Память об Ольге живет и в других местах Псковской земли: и вниз от Пскова по течению Великой, где на топонимической карте Псковской области в окрестностях Псковского Снетогорского монастыря обозначены и «Ольгин городок», и «Ольгин дворец»; и на реке Нарове, где еще в XIX веке местные жители показывали любопытствующим «Ольгин зверинец», в котором княгиня будто бы забавлялась звериной ловлей, или «Ольгин камень», хранившийся в часовне Нарвского погоста (ныне на территории Эстонии){4}.
Словом, различных легенд и преданий, связанных с именем княгини Ольги, на Псковской земле не счесть.

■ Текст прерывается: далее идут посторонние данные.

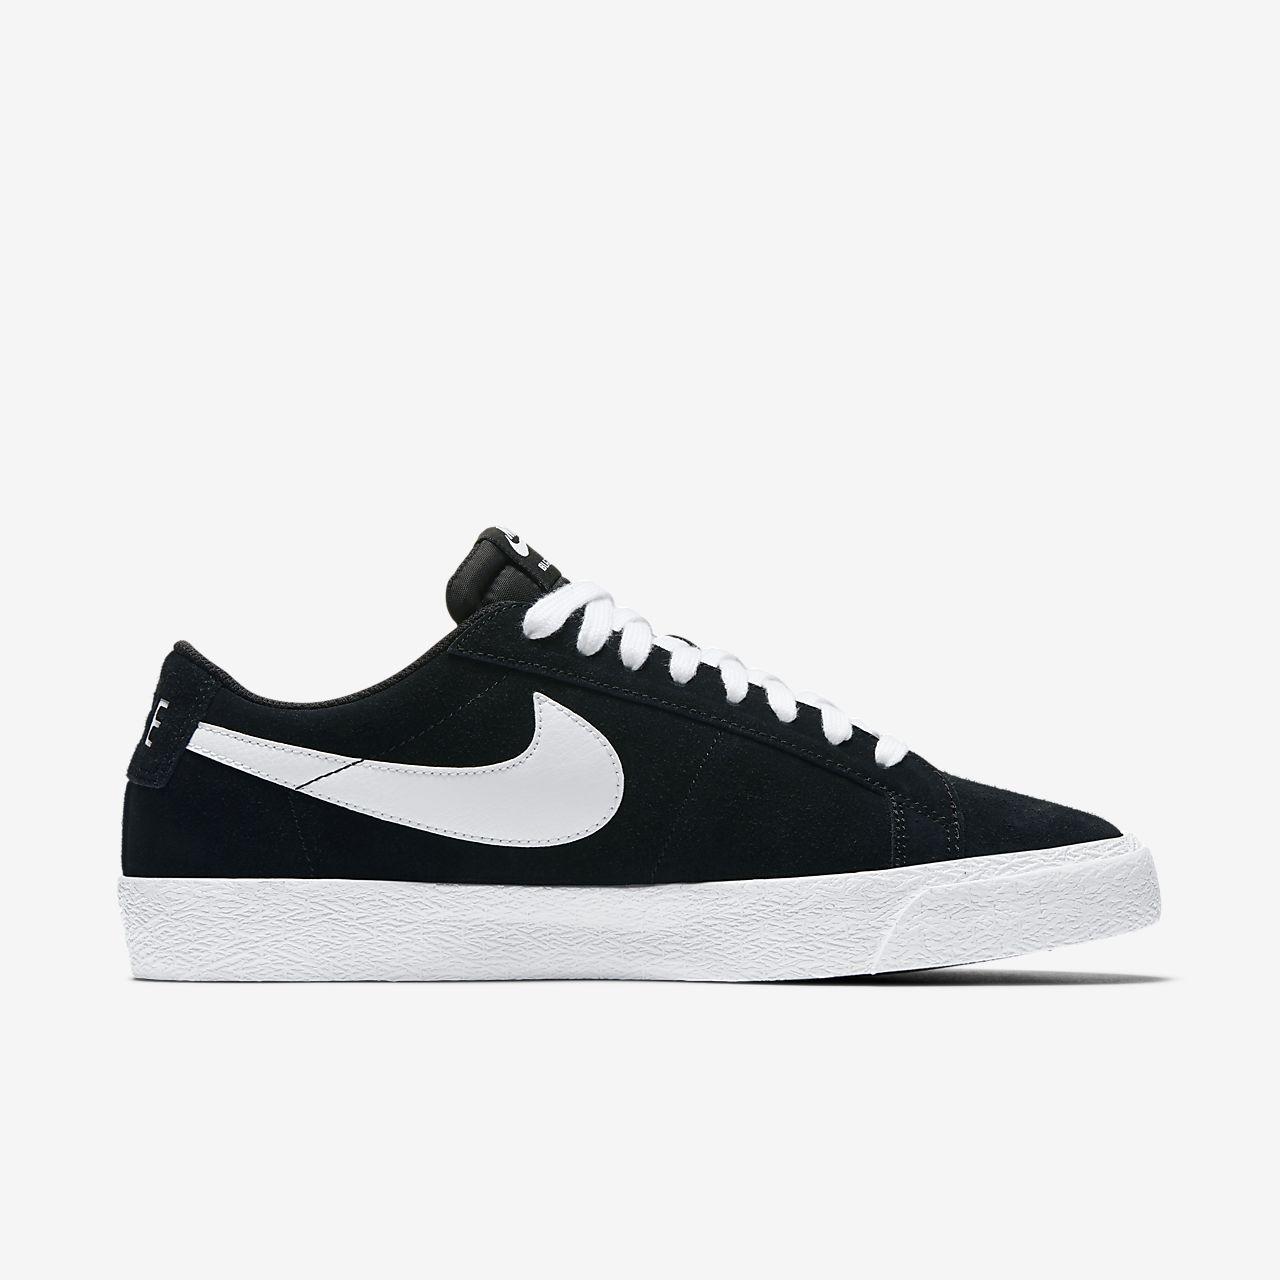 separation shoes db047 0e185 ... Nike SB Blazer Zoom Low Men s Skateboarding Shoe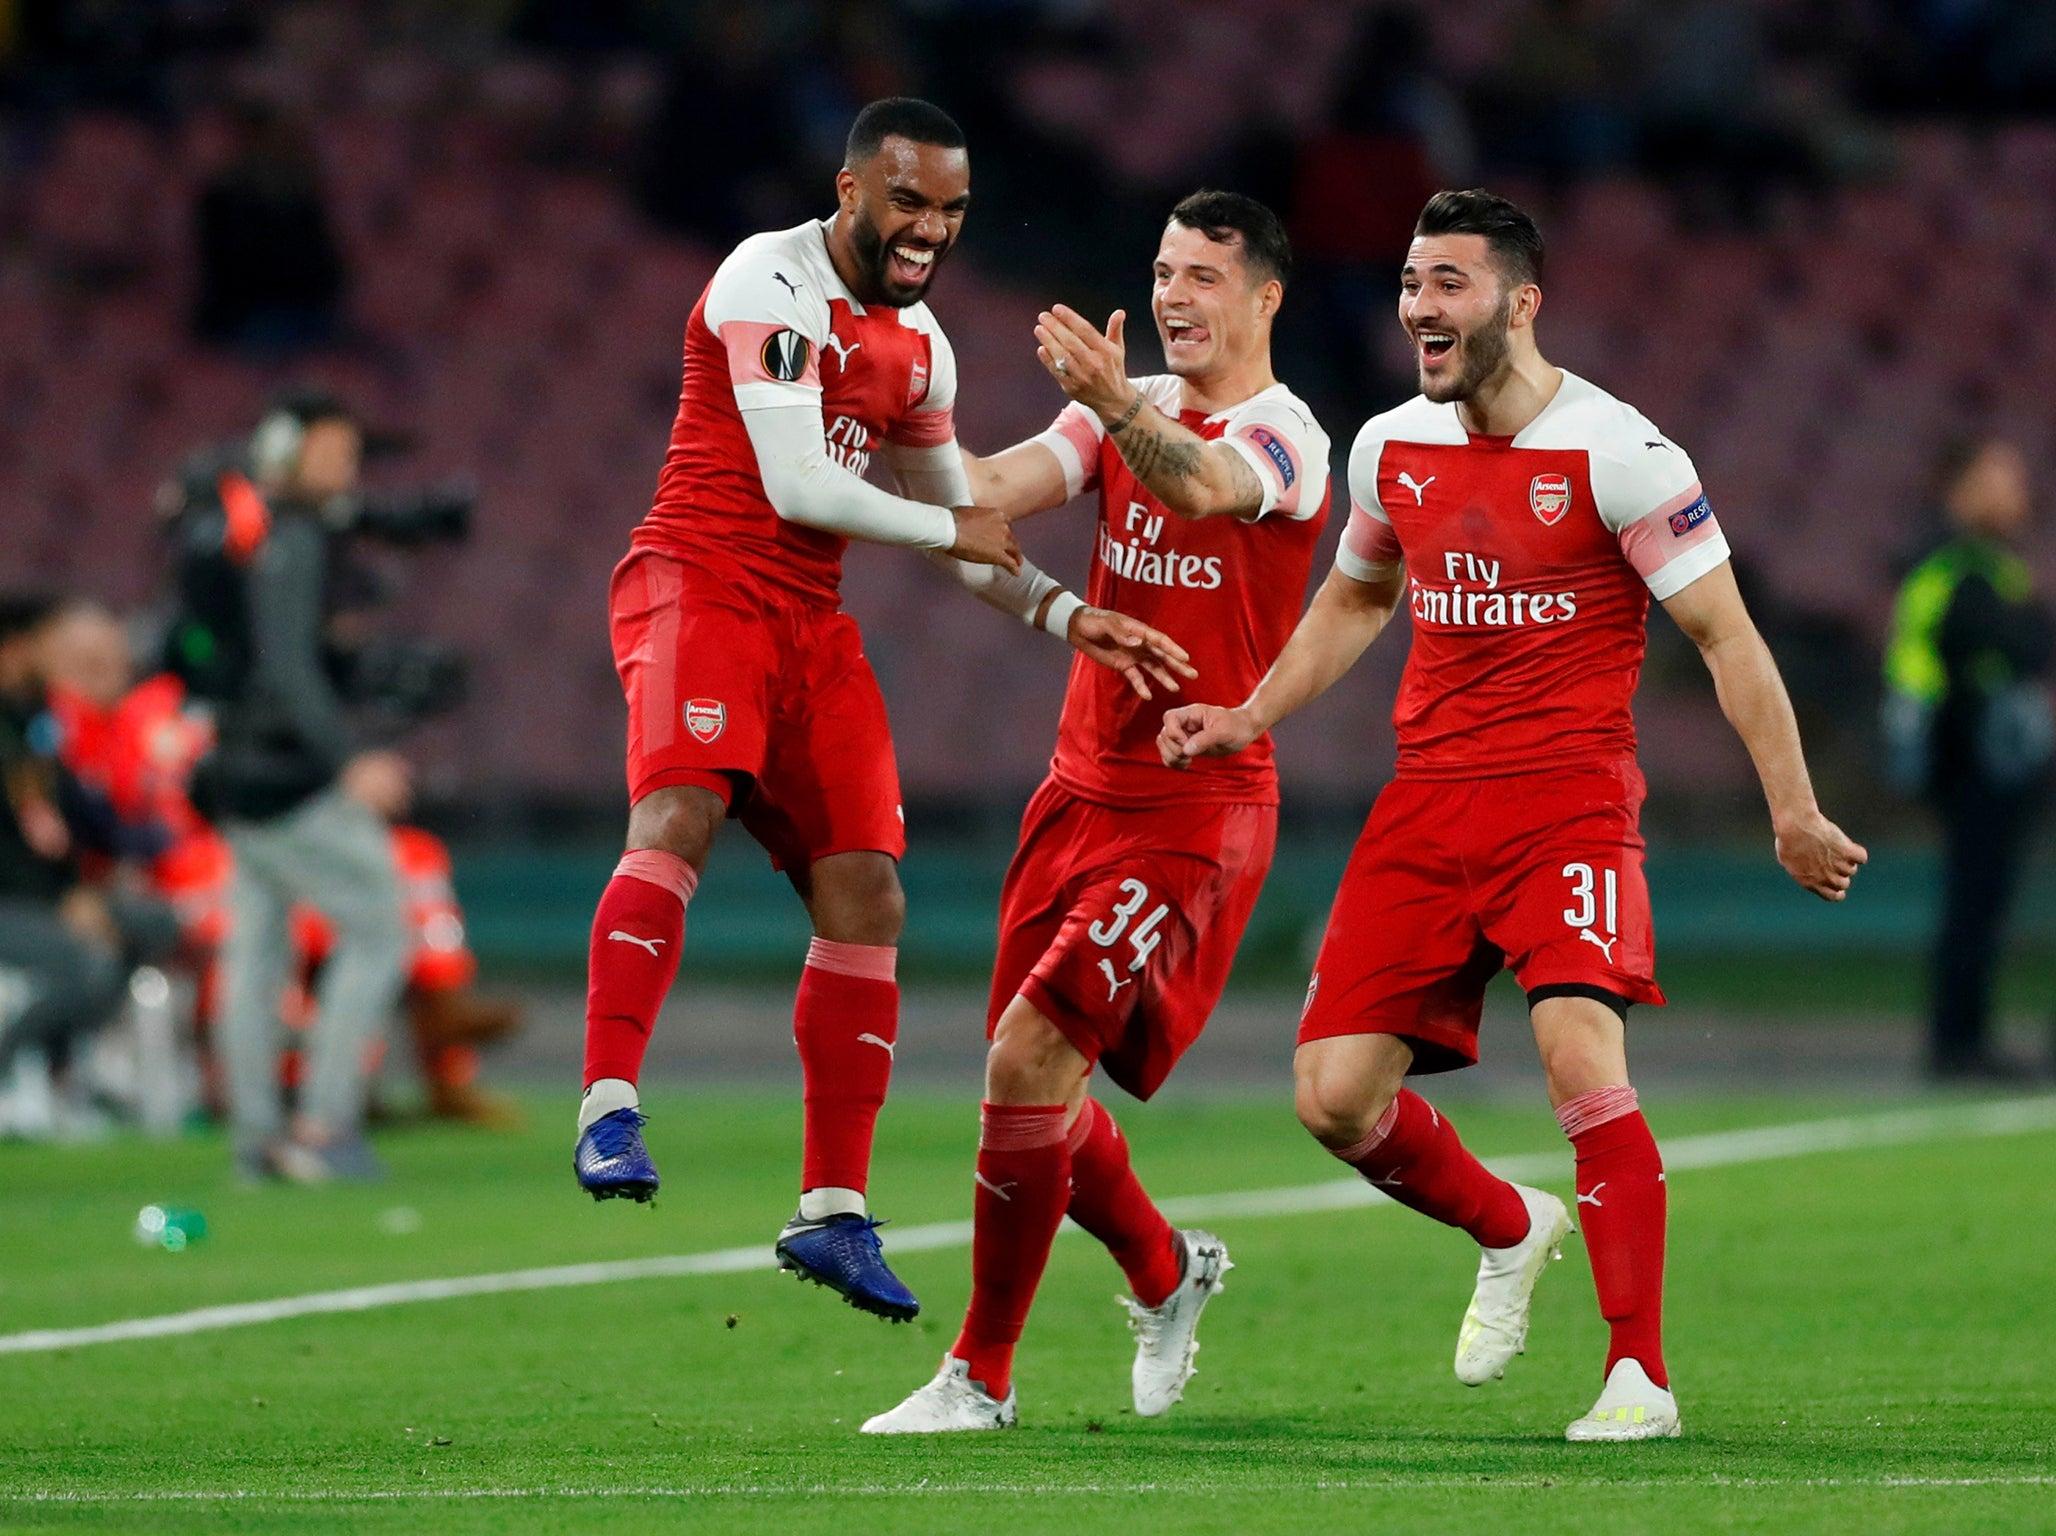 Napoli vs Arsenal result: Alexandre Lacazette free-kick eases Gunners into Europa League final four

Да только ли на Псковской? Легенды и были об Ольге слагали и записывали и в Новгороде, и в Поднепровье, близ Киева, и в окрестностях бывшего древлянского города Искоростеня (в нынешней Житомирской области Украины), и у знаменитых днепровских порогов, и в белорусском Полесье, и даже в Москве и на Волге, близ Мологи и Углича, где княгиня, возможно, никогда не бывала. Едва ли кто-нибудь еще из правителей Русской державы стал героем стольких легенд и преданий, доживших до наших дней. Легенды окружают чуть ли не каждый ее шаг. Даже летописные рассказы о ней — те самые хрестоматийные, со школьной скамьи знакомые нам строки «Повести временных лет» о мести княгини древлянам, о взятии ею Искоростеня или о ее крещении в Царьграде — по жанру ближе всего именно к сказке, в которой Ольга выглядит привычным сказочным персонажем: она загадывает и разгадывает загадки, неподвластные обычному человеческому уму, и вообще действует в полном соответствии с неписаными законами народной сказки.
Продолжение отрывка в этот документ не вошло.